Today when I sat in the car I saw a moose and its calf running over the street in the middle of all traffic. Tried to find the way, watching out for the cars, looking so confused, lost and stressed.

First I just thought it was cool to see it in a place like that, so close to us people. But when it felt like I could see the frustration in its eyes, I felt something else. Recognising.

That's exactly how I can feel sometimes when I coming in to town, in to city or to shopping centres. It's people and cars everywhere, you can't look anywhere without seeing them. It's noisy. It's frustrating and stressing.

I feel like a lost animal, running around and mostly longing back out to my calm place.

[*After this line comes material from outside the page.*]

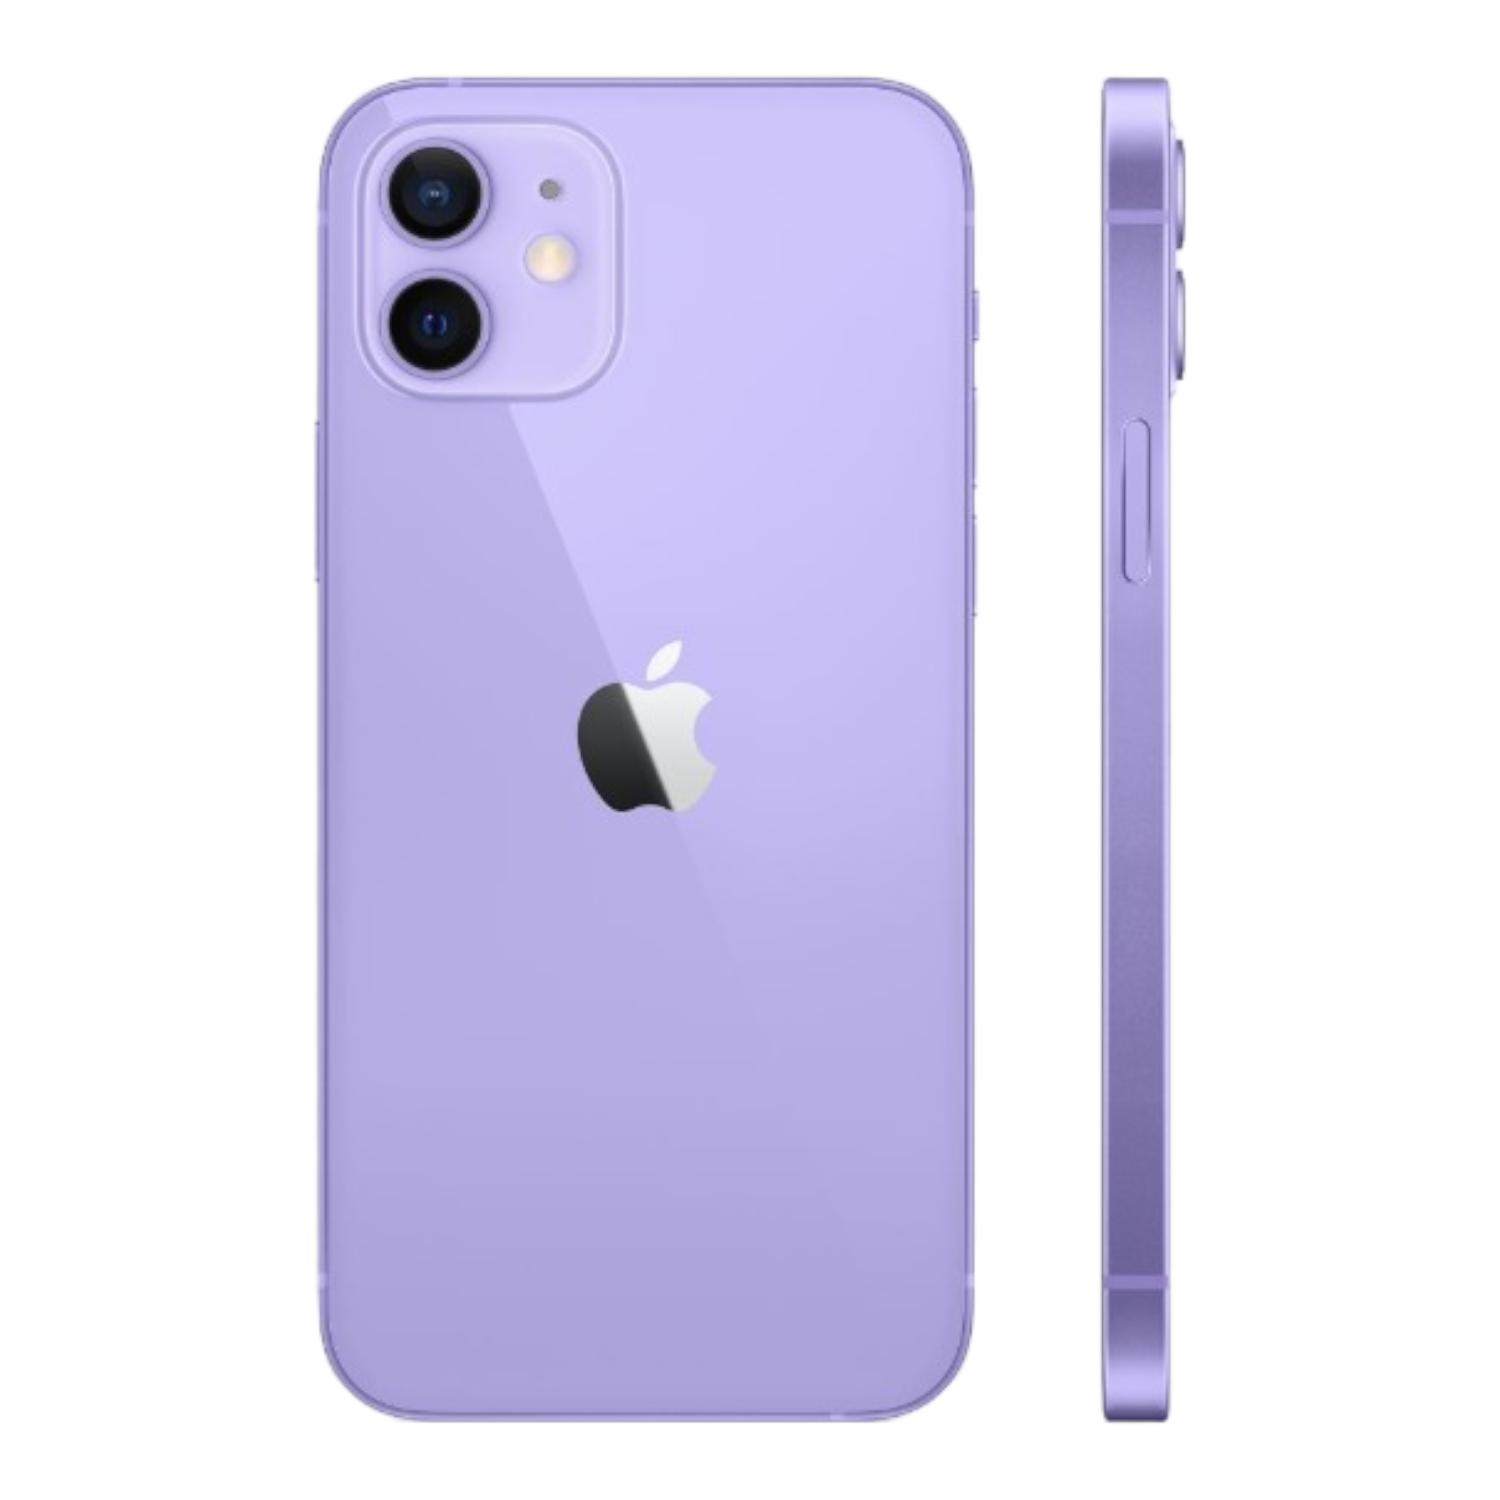 Apple Iphone 12 128GB Celular Liberado (Reacondicionado) Color Purpura

It's just to realize once again, I'm not a big city person (even if it can have it's charm some evenings or so). But I'm more of a country girl, wish to live close to the forest and close to water. With a calm around me that I'm the one deciding when I want a break from, not the other way around.

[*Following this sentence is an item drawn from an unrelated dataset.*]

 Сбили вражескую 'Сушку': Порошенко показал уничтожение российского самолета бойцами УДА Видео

Poor moose's, I really hope they found their way back to the forest before the cars stressed them out totally.

And you out there...remember to enjoy the nature we have...a gift to us all...

Sunday 19 July 2009

Strength and love

Do you have the right to feel satisfied about doing something that should be a matter of course?
Or maybe it's actually not that I feel satisfied about what happened, or rather not happened, but sooner the feeling is because of the discovery and the feeling about that it was just a matter of course even for me.

To have no doubt about the situation. No doubt about where my feelings, heart, and wish is. And because of that no problem what so ever to stand up for me and my.

I have friends in my life that have been given me strength and support at many steps on my way through life. And once again, I can from the bottom of my heart say that I have found a bosom friend again, a person taking a special place in my heart and my mind. Some one that strengthen me as person, in mind, dreams and wishes.

You support me, letting me be me, trust me and love me.
I know I tried to fight it, tried to run, and tried to hide. But I feel so deeply happy I gave up, gave it a chance, and dared to come close to someone again.

You, the prince on the white horse, give me so much energy and warmth. And I just hope that in time I can give you even more back.

Thursday 9 July 2009

Dreams in the clouds

It start to tickle, some place deep inside you. A sparkling warmth. A flame, trying to find it's way. You just want to giggle, jump, or dance around.

Yes, it's a feeling that reminds in different ways about hysterical love. And in one way it maybe is. But it's the love to the life, to YOUR life, and YOUR believes.

It's about getting a dream come alive inside you. Do you know it?
Not only as a weak wish passing bye, but as a strong burning longing. A believe that things can happen, if you really want it to happen.

I believe it's always important to have goals in life. But sometimes some things get more alive in you. And get this special energy running around inside you.

You can't really stop thinking about it. You can't sleep at nights. You just want everything to happening now. Your mind is constantly overloaded, and your body just want to take you around a marathon if needed. As getting in love.

Then it's just try to keep it alive. Live in the feeling, work with the flow, and try to go on in right direction with the dream kept in front of your eyes.